There are no interstitial bumps or anything like that. The second technology is a type of through silicon via called the backside through silicon via, or BTVS, and this allows power or signals to be connected through one of the wafers to the other. The effect of these two together is to deliver a very good power supply to the logic transistors on the logic die. This is just the first step for us. We have been working with TSMC to master this technology, and we use it initially to build a better power supply for our processor, but it will go much further than that in the near future.
The human brain has roughly 100 billion neurons that crate over 100 trillion synapses. The largest models today, most of which run on GPU clusters, top out at around 1 trillion parameters.
Who knows if such machines will ultimately be used for good or evil (probably both)? Considering the Good machine will accommodate five times (or more) parameters as the human brain has synapses will require more than eight thousands of its still-in-development IPUs and over ten-to-twenty exaflops of performance. Imagine over 4 PB of on-chip memory and over 10 PB/sec of memory bandwidth across those IPUs.

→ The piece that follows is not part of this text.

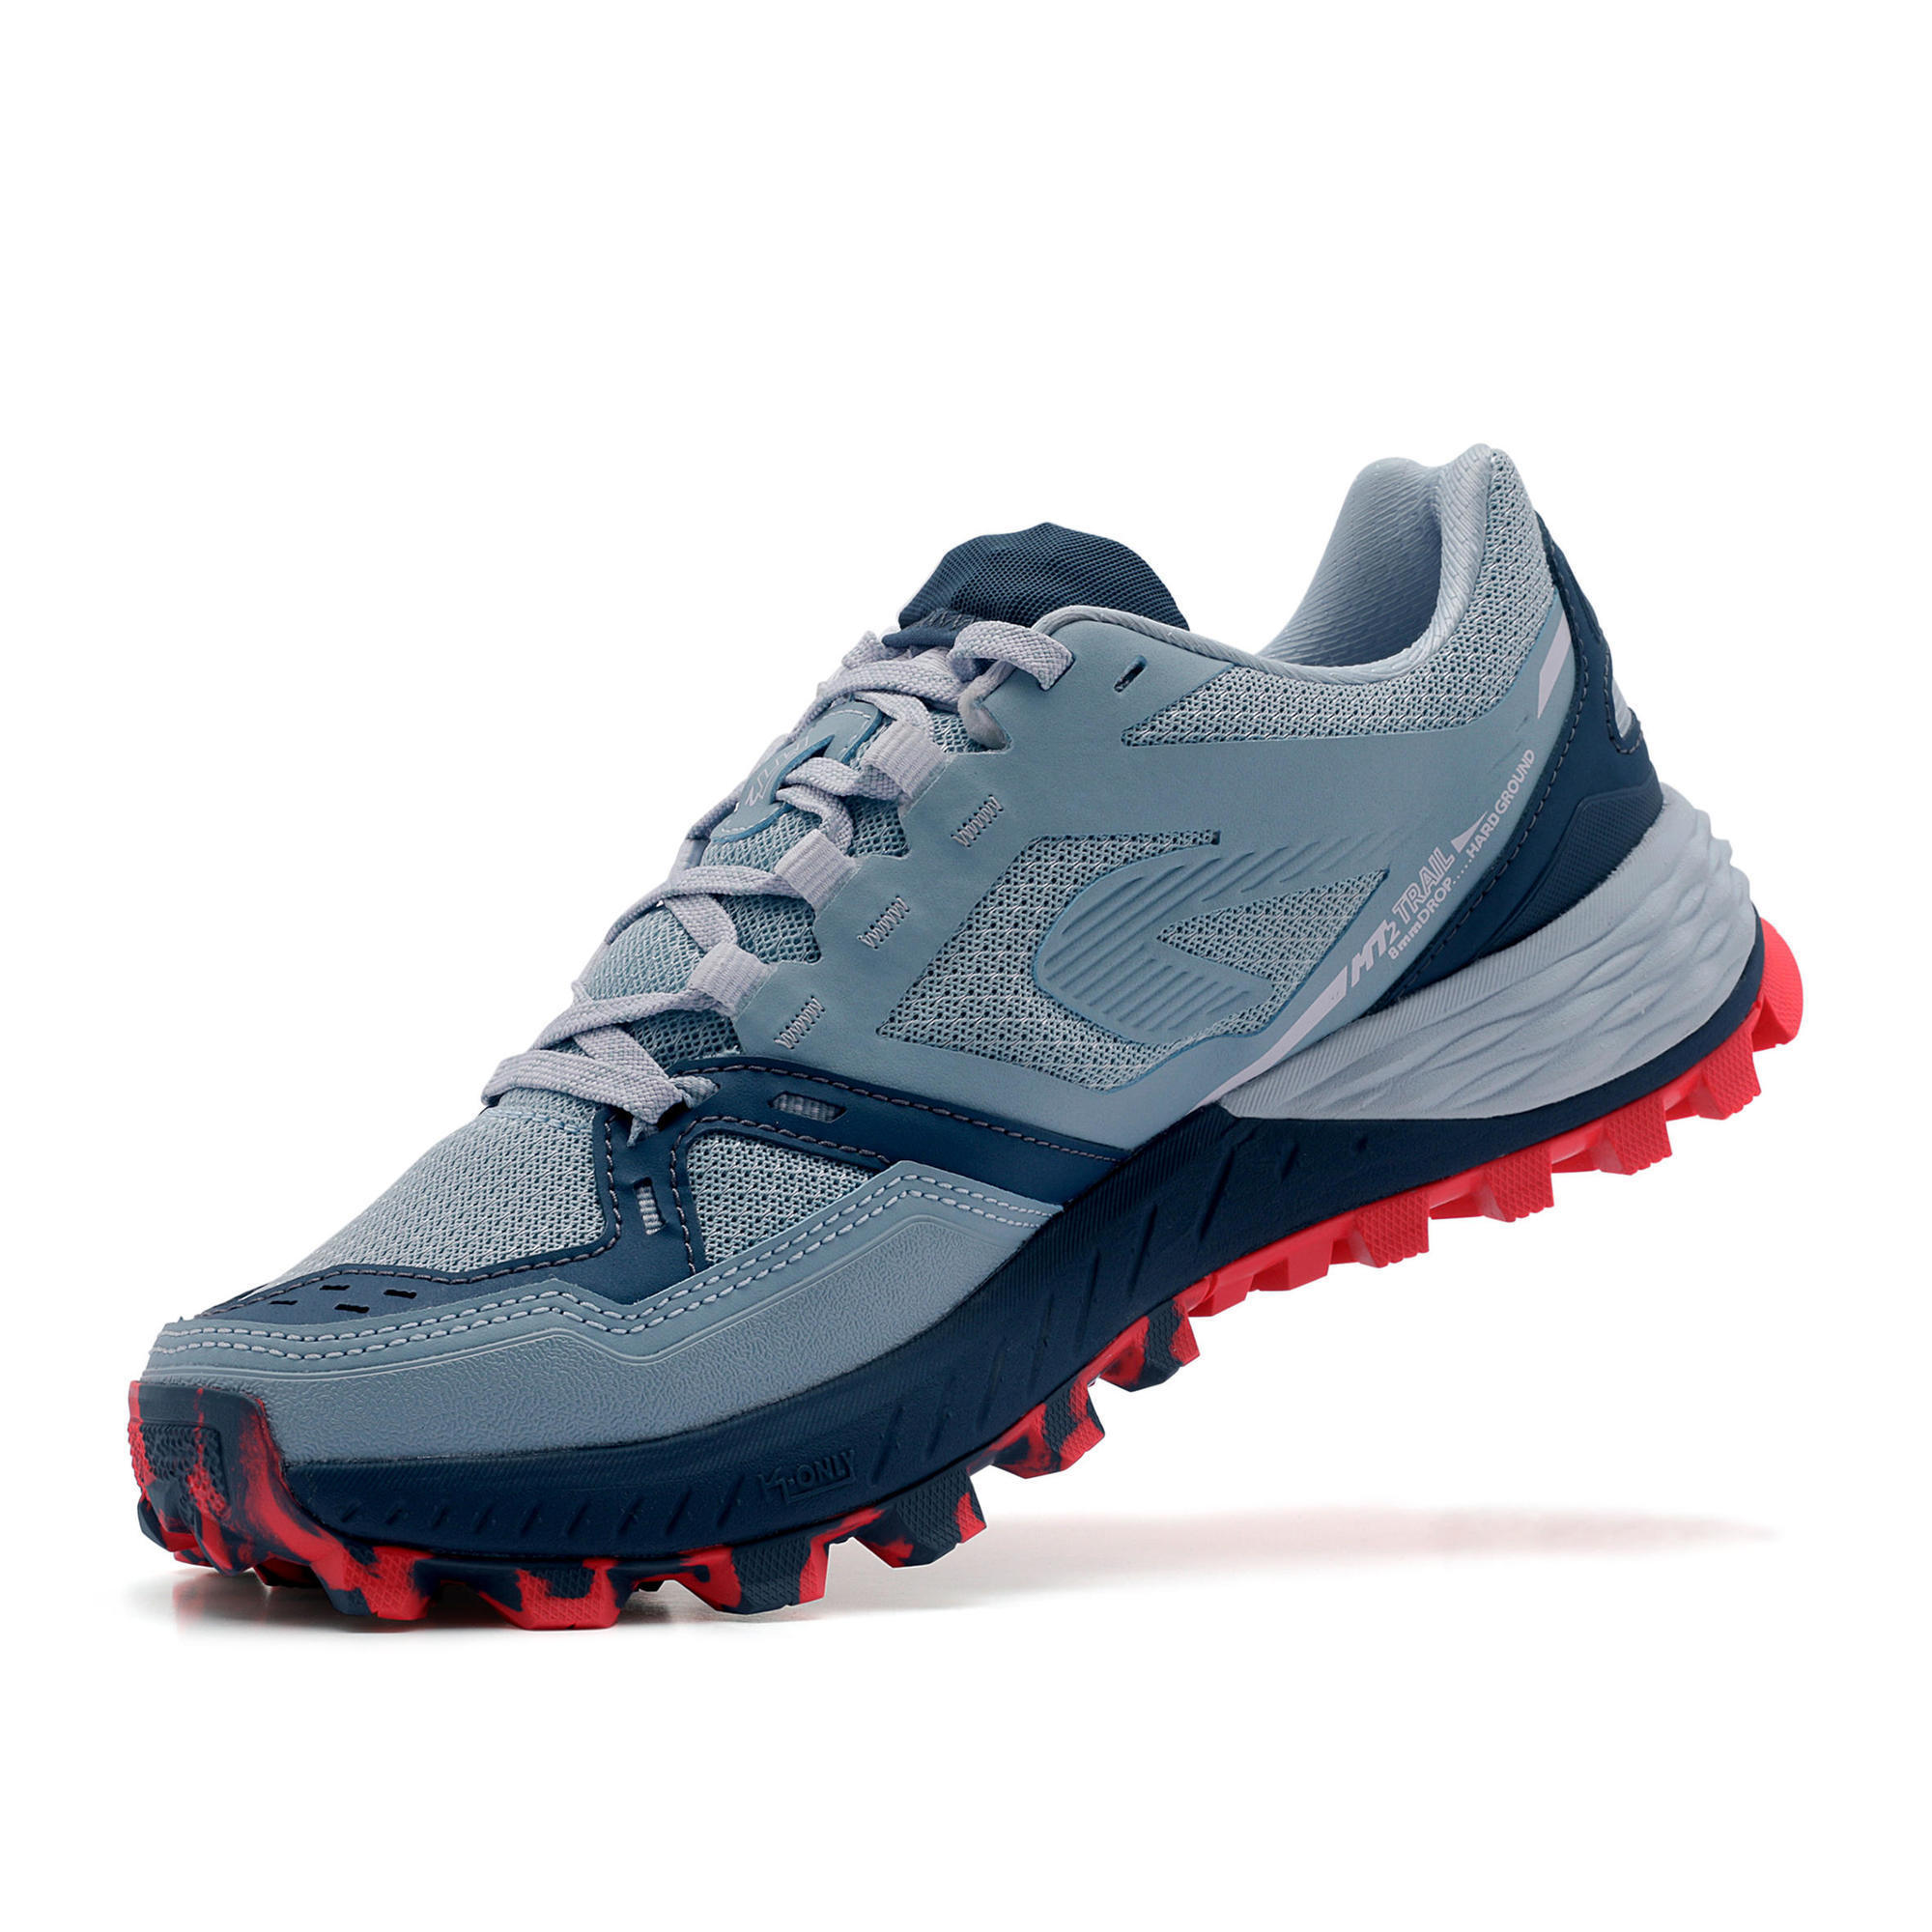 TRAIL RUNNING SHOES - LIGHT BLUE/PINK

Cost? Uncertain, but it's anticipated to cost $120 million, which is a lot more expensive than a human brain but a bargain compared to the current class of supercomputers such as exascale floating point math machine used to run HPC simulations or models, whose costs can exceed $1 billion all-in.
I’ve been skeptical about this idea of super-intelligent machines and AGI (Artificial General intelligence). Now I’m just getting worried.